Tell how to use machine learning to simplify workflows.
Machine learning (MO) is one of the most popular topics in computer science that were raised and studied for decades. However, many equate this concept to the next buzzword or even confuse it with the artificial intelligence (AI). But this is not the same thing.
Machine learning is the science of studying and improving machines without special targeted programming. And artificial intelligence is the core technology that makes this possible. We can say that MO is a subset of AI. It is important to remember that all machine learning is an artificial intelligence, not artificial intelligence is machine learning.
Artificial intelligence, machine and deep learning: How are they related?
You also need to understand why recent years machine learning pay so much attention. The development of this discipline contributed to several factors:
- MO is the human face of the digital world. Twitter, for example, uses a sophisticated algorithm to shape your ribbon. This means that two users will not be the same tape, even if they have the same interests and the same subscribers.
- MO continues to progress. When’s the last time I used Alexa, Siri or Cortana? If it’s been a few months, try again. A pleasant surprise awaits you.
- Now access to the MO is open to a huge number of developers. All cloud providers have something to offer in this area, including Google, AWS and Azure.
As MO will help in the business
Regardless of whether it is about understanding the principles of operation of an existing data center or to transfer the on-premises licensing to the cloud, one thing is clear: change is the only constant in IT. If you think about how to measure changes and plan them in sequence, then you should start with the data.
We generate too much data and not enough time to consume them at the same pace, at least without treatment. So how does the company Orient themselves in the information flow until we drown in it? Comes to help MO.
In the last few years is much cheaper as computing power to analyze huge amounts of data, and the means to store them. This means that the ability of MO became available to more users at a much lower cost — life has become much easier. What is missing is a model that can be developed and tested prior to launch.
Filtering of information noise
Let’s look at a practical example of noise. Take the server average CPU utilization — the classic indicator used DevOps.
But characteristics the same server during the day. Focus on Tuesday, as it seems to be the most stressful day.
Tuesday is the busiest day because:
The correct answer is the fourth, all of the above. The fact that people make assumptions, and cars — no. And when you apply the MO to task for understanding what is happening, more like this:
This particular server actually most of the time it works quite a bit. With the exception of Tuesday, Wednesday and Thursday (the actual user traffic is less than 1%). How did we find out? Just filtered data.

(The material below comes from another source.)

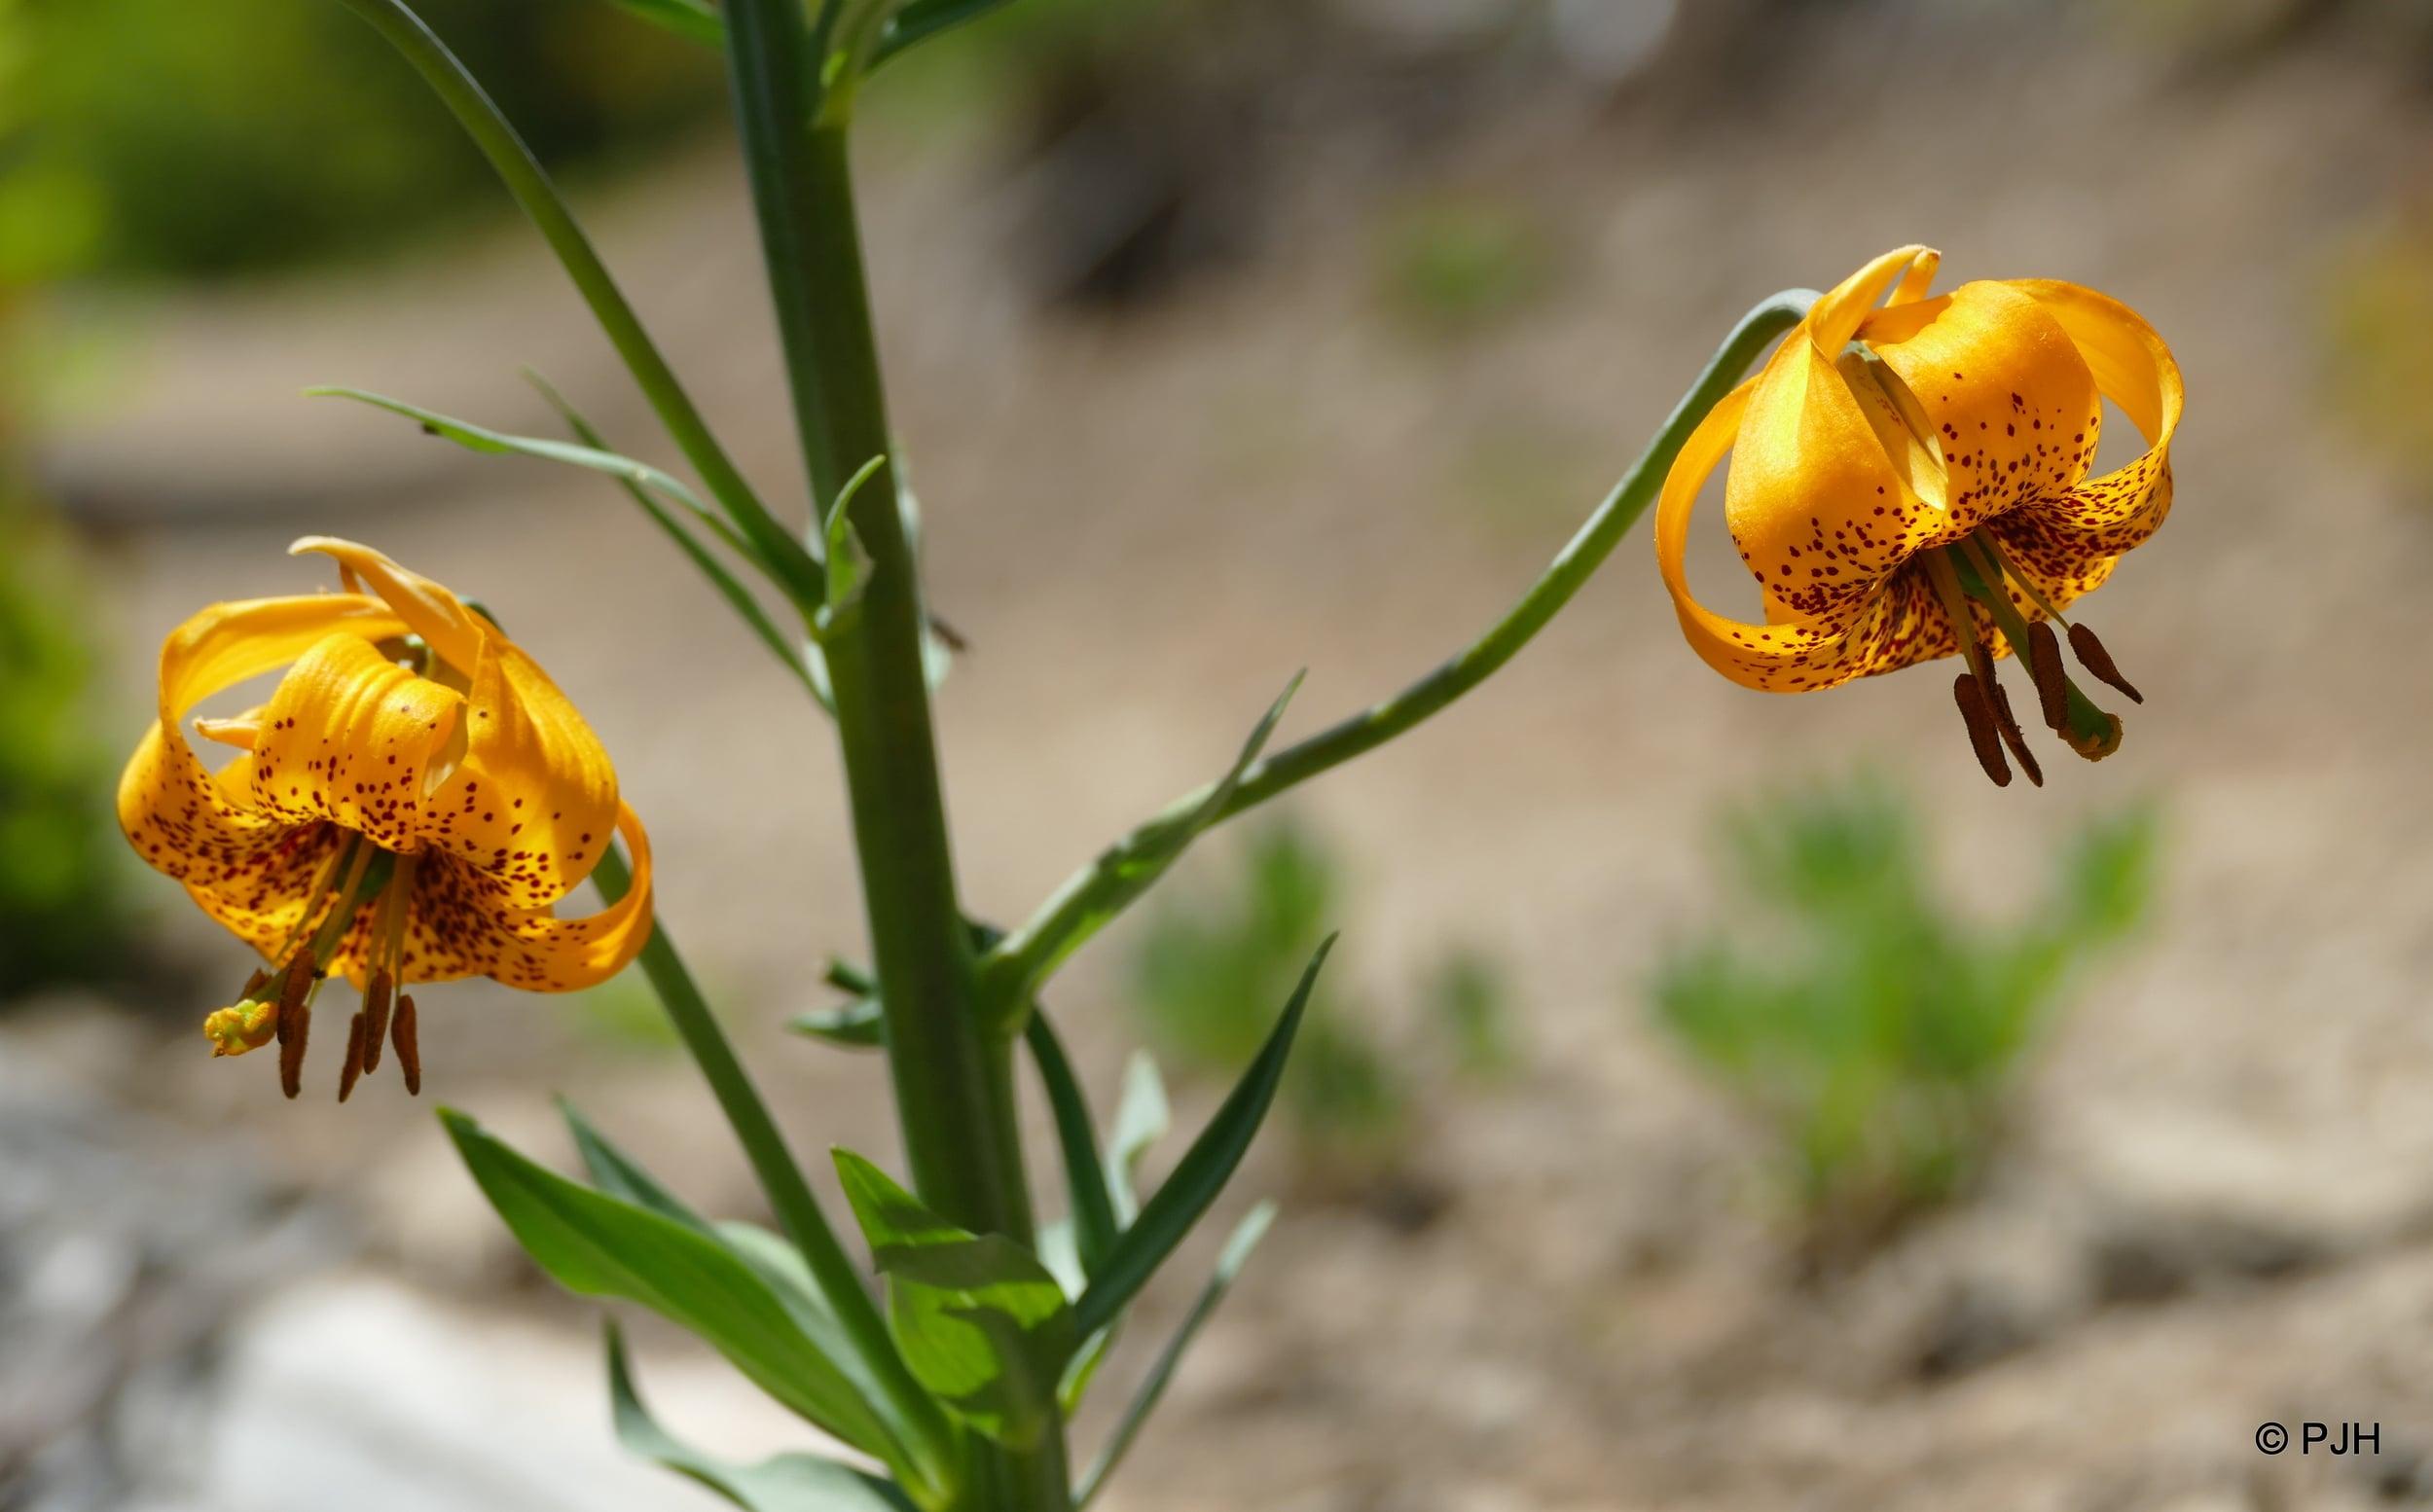 Wild Tiger Lily's - Olympic NP, WA, USA.

Once you remove the excess noise (hint: we used the MO) and look at the actual data level processing (compare the work of your Chrome.exe 20% with just your server, 20%) as well as on network traffic and other variables that separate real activity from the system activity, you can conclude that this server is actually used only three days out of seven.
Once you’ve filtered out the information noise, you will get cleaner data that will allow you to more accurately predict consumer behavior.
The customer segmentation
With the help of machine learning it is possible not only to predict consumer behavior, but also to segment them, for example, to find clients that fit any group.
With the help of machine learning it is possible to divide a huge roster of consumers into segments, each of which is characterized by certain properties. Algorithms will determine what services will be interesting and what group they will respond with higher probability.
You probably noticed that the Internet you come across is, appropriate to your interests and search queries. This is also the handiwork of machine learning.
The algorithms are tracking consumer behavior online, and filter them so that the company could offer the most suitable products for those, who really need it, without distracting with excessive Intrusive advertising and attracting new customers.
And that’s not all, what can the MO. Machine learning is the most effective way to transform all the data collected in the implementation of ideas for a functional business solutions.